Blog: Holiday spending…or not?
Leonie Barrie | 18 November 2005
Retailers on both sides of the Atlantic who have been hoping for a bumper Christmas look set to be disappointed – or will need to be very, very good this year to encourage shoppers to outspend last year. The latest figures from the UK’s Office for National Statistics also show that spending remains subdued, despite heavy discounts, and that the unseasonably warm weather we’ve been having over here has done little to shift the winter stocks of coats and scarves. It’s a similar story in the US, where retailers Limited Brands and Gap have both reported sluggish third quarter results amid higher energy prices and merchandising problems.
According to a new survey from WSL Strategic Retail, 53 per cent of US consumers say they will be spending less on clothing this holiday season. But with shoppers surrounded by uncertainty such as war, terrorists, acts of God striking randomly, plus oil companies putting a tight squeeze on wallets, isn’t there a slim chance that they’ll throw caution to the wind and start to spend in an attempt to cheer themselves up?

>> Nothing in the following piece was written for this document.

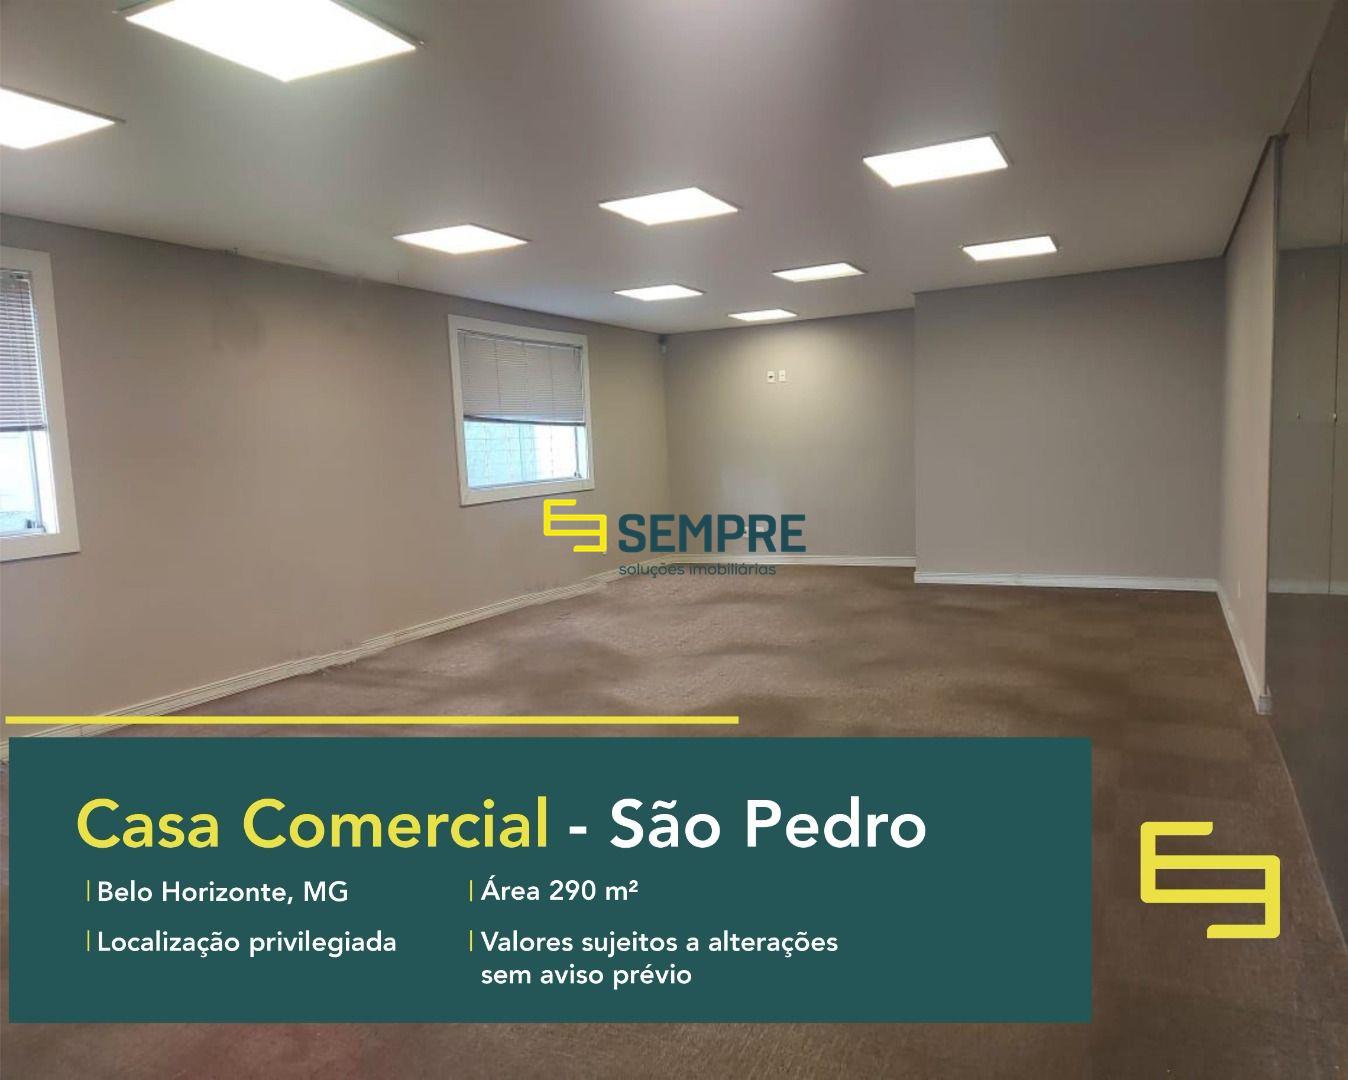 Casa comercial para alugar no São Pedro em Belo Horizonte, excelente localização. O estabelecimento comercial conta com área de 290 m².

Not so, says the ‘How America Shops’ report. Apparently retailers themselves are to blame by failing to deliver the ‘good old-fashioned holiday season’ experience. “Retailers, in their rush to capture the first holiday spending dollars, have diluted the emotional appeal of the season. December was once the most festive shopping month of the year. Now it arrives with a trickle of products onto the floor in October followed by pre-holiday sales in November. Gone is that wonderful feeling of stores transformed overnight with lights, snowflakes and Santa Claus in his chair.”
And not only have retailer failed on this front, but they are also feeding into consumers’ fear of overspending by hyping up the sales and discounts that are just around the corner. All of which contrives to take the ‘Happy’ out of Happy Christmas for both sides of the retail divide.